I'm using two tables in the database. These tables look like this:
Table A:
id | date
----------------------
12001 | 2011-01-01
13567 | 2011-01-04
13567 | 2011-01-04
11546 | 2011-01-07
13567 | 2011-01-07
18000 | 2011-01-08
Table B:
user | date | amount
----------------------------------
15467 | 2011-01-04 | 140
14568 | 2011-01-04 | 120
14563 | 2011-01-05 | 140
12341 | 2011-01-07 | 140
18000 | 2011-01-08 | 120
I need a query that will join these the two tables.
The first query should result in a total number of users from table A group by date and the number of unique users from table A grouped by date. That query looks like:
SELECT COUNT(DISTINCT id) AS uniq, COUNT(*) AS total, format_date(date, '%Y-%m-%d') as date FROM A GROUP BY date
From the second table I need the sum of the amounts grouped by dates.
That query looks like:
SELECT SUM(amount) AS total_amount FROM B GROUP BY DATE_FORMAT( date, '%Y-%m-%d' )

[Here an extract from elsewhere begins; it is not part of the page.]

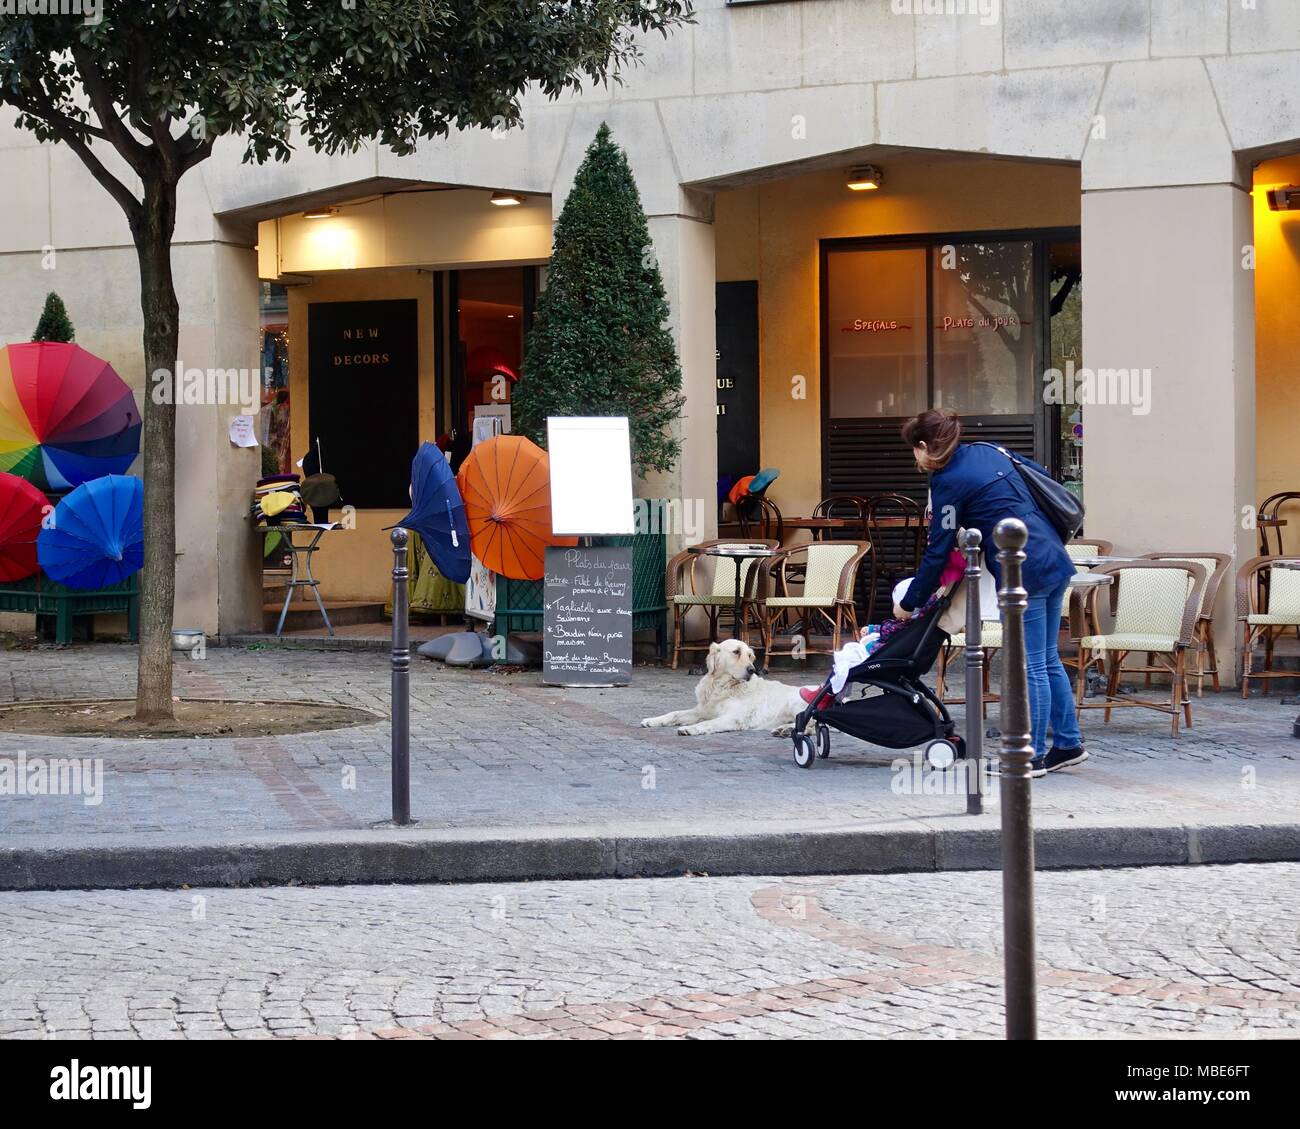 Mutter und Kind im Kinderwagen, stoppen Sie einen süßen Hund vor einem Cafe zu bewundern, die noch nicht für den Tag für Sie geöffnet. Paris, Frankreich. Stockfoto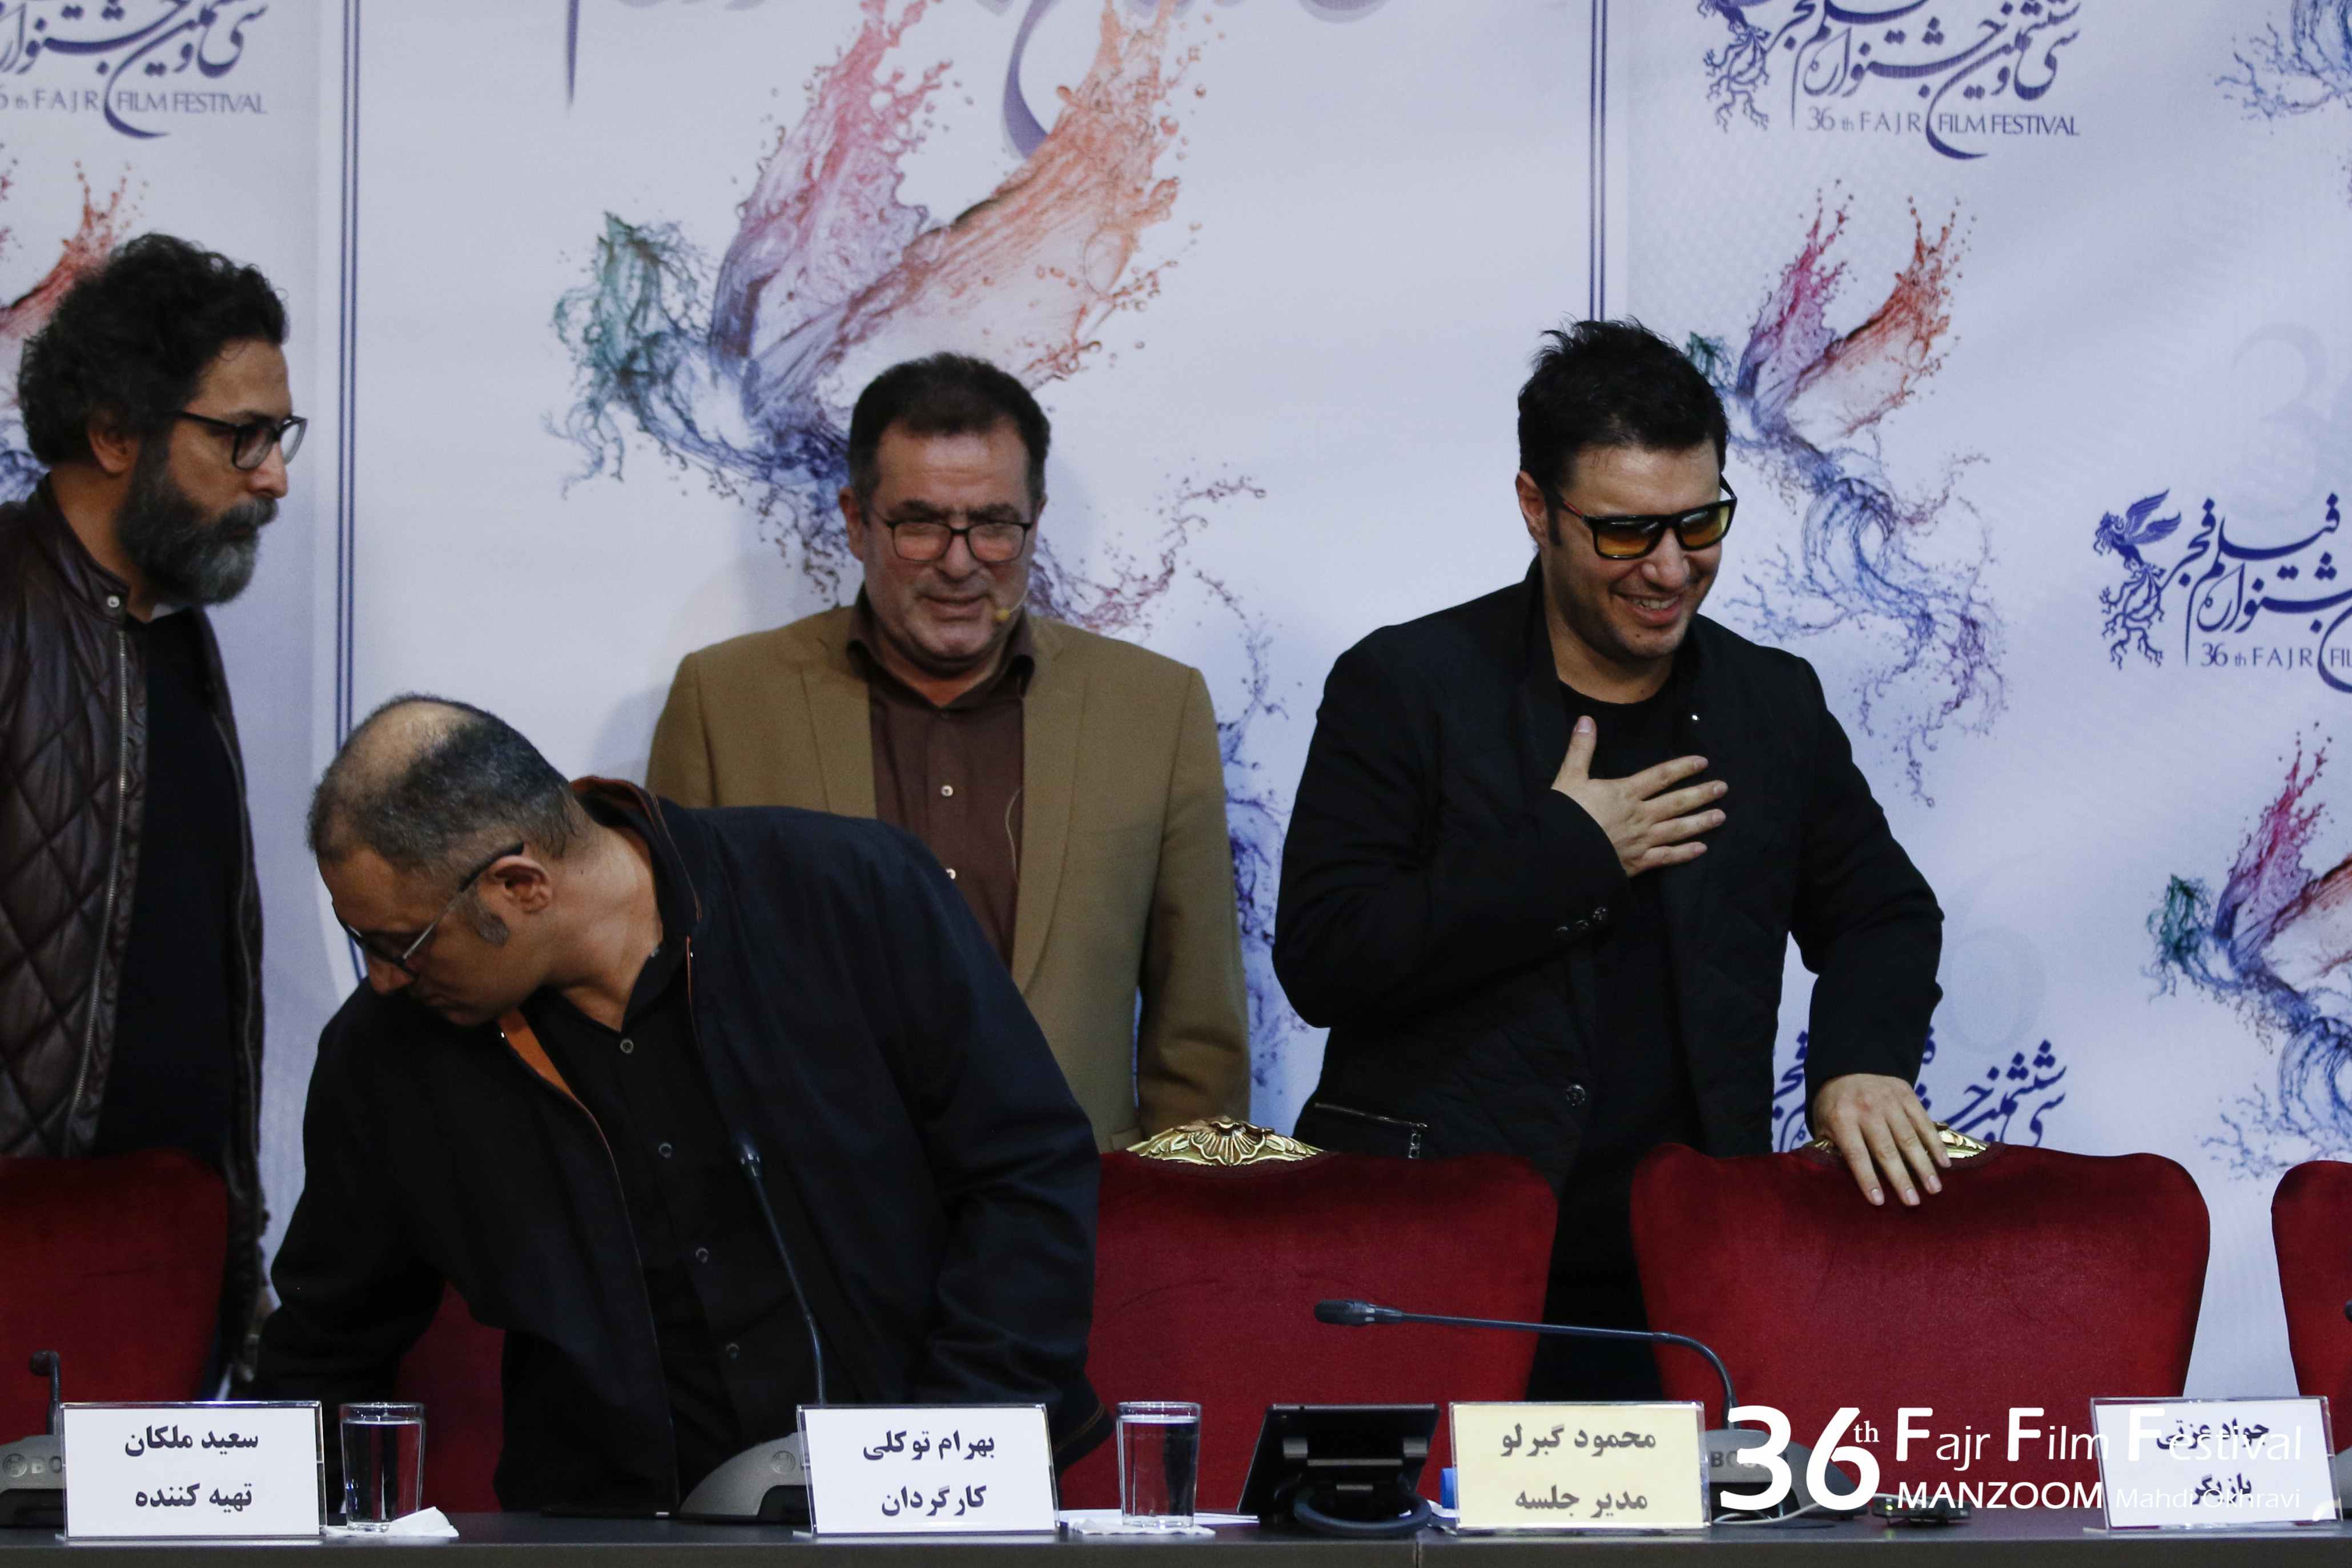 بهرام توکلی در نشست خبری فیلم سینمایی تنگه ابوقریب به همراه محمود گبرلو، جواد عزتی و سعید ملکان

What I want to do is to merge these two queries into one on column "date", and that as a result I get the following list:
date | unique | total | amount
-----------------------------------------------
2011-01-01 | 1 | 1 | 0
2011-01-04 | 1 | 2 | 260
2011-01-05 | 0 | 0 | 140
2011-01-07 | 2 | 2 | 140
2011-01-08 | 1 | 1 | 120
How can I do that using one query?
Thanks for all suggestions.
select date_format(a.date, '%Y-%m-%d') as date, a.uniq, a.total, ifnull(b.amount, 0) as amount
from (
select count(distinct id) as uniq, count(*) as total, date
from tablea
group by date
) a
left join (
select sum(amount) as amount, date
from tableb
group by date
) b on a.date = b.date
order by a.date
I assume that field date is a datetime type. It's better to format output fields in final result set (date field in this case).
Your queries are fine everything they need is a join.